The same can’t be said for Federico Fellini. ‘Toby Dammit’, co-written and directed by Fellini, is a wildly imaginative interpretation of ‘Never Bet the Devil Your Head’. Toby Dammit (Terence Stamp) is a British film star visiting Rome. He meets the backers of his new film, gives a television interview and attends an awards gala. All perfectly straightforward—except Toby is losing his mind.

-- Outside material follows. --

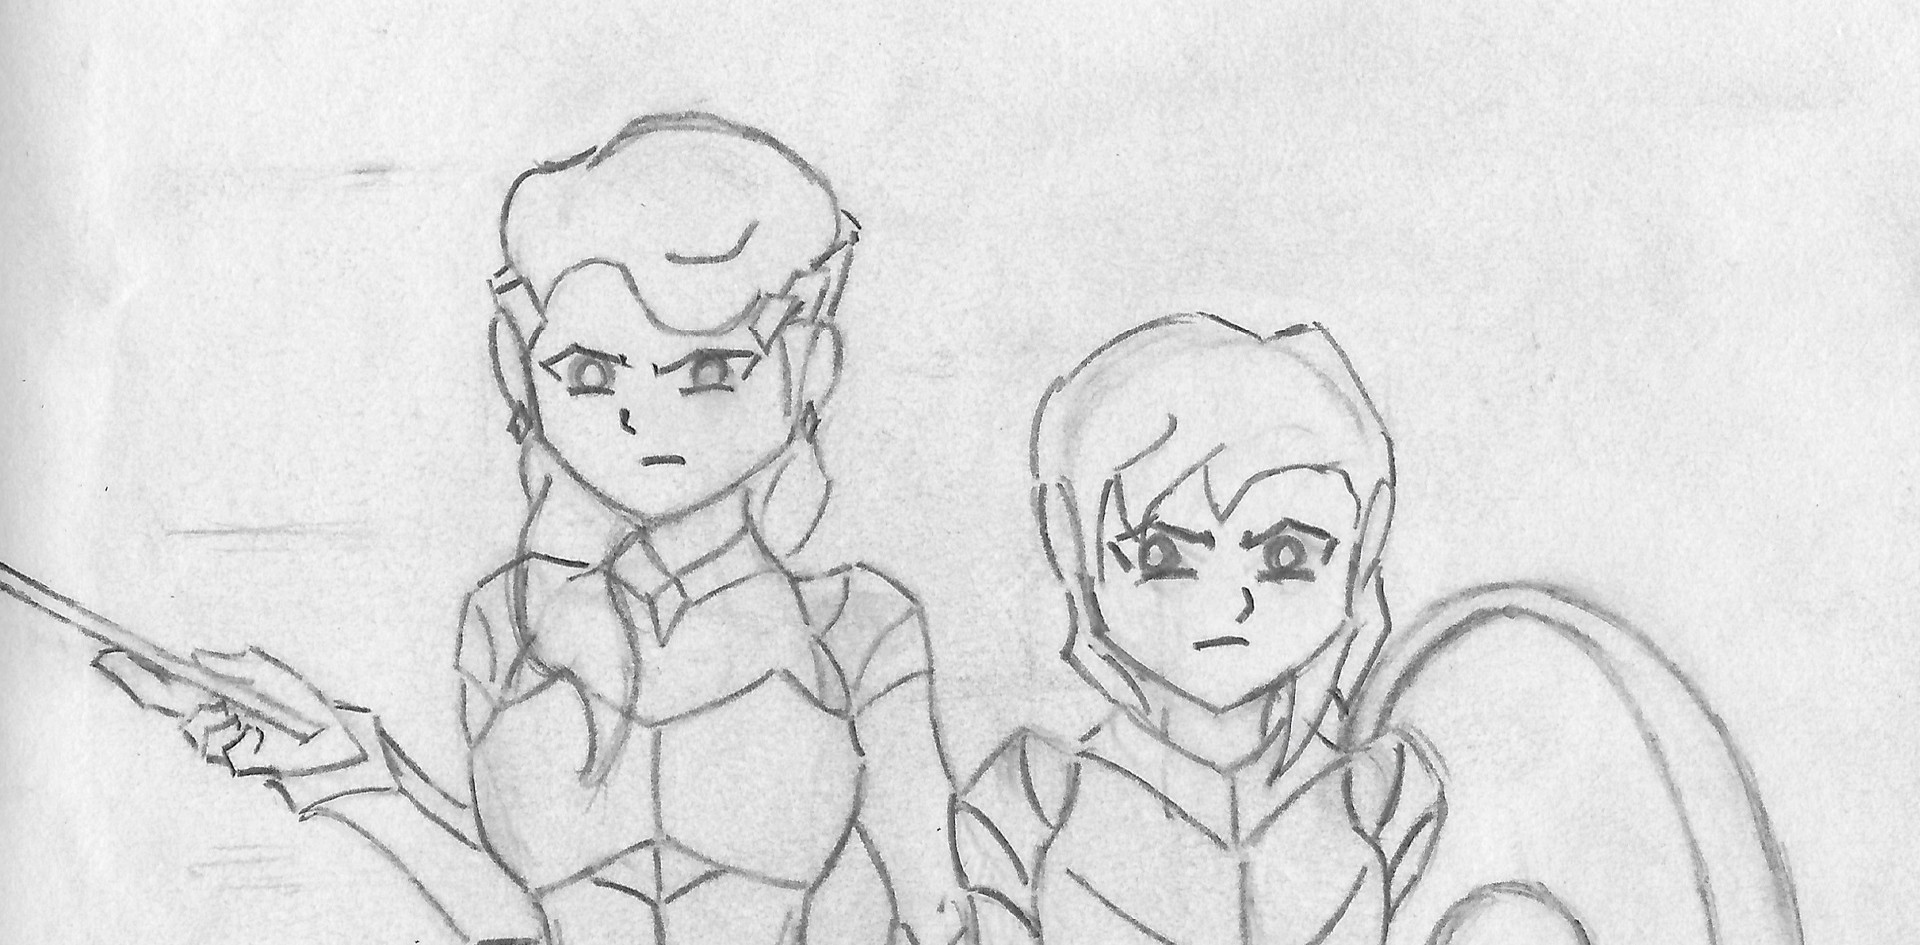 Hera and Athena

‘Toby Dammit’ is undoubtedly the best of the three episodes and likely the reason Wright recommends the film. Fellini uses Poe as a springboard for a fever dream: La dolce vita, if Anita Ekberg was a cadaverous alcoholic unravelling at the seams. The disorientation sets in early, as Toby touches down at an airport whose moorings have come loose from reality. A round monitor hangs from the ceiling like a giant eye, displaying an image of a woman that hovers about like a misaligned spotlight. Two men, one crouched in a foetal position, sit surrounded by lifeless figures, wrapped in plastic, while a jaunty Nino Rota tune (later recycled for The Godfather) plays. In walks Toby, a wraith in funereal black; Stamp plays him with a brittleness verging on mania. Adrift in a swirl of press junkets and showbiz hypocrisy, Toby begins to resemble the figure in Munch’s The Scream: a lost soul howling into the void. Poe would approve.
Spirits of the Dead is a cinematic curate’s egg that’s far less than the sum of its parts. If you must watch it, see it for ‘Toby Dammit’, one of the most terrifying depictions of mental illness I have ever seen. Like the best of Poe’s stories, it worms its way into your mind—and lingers.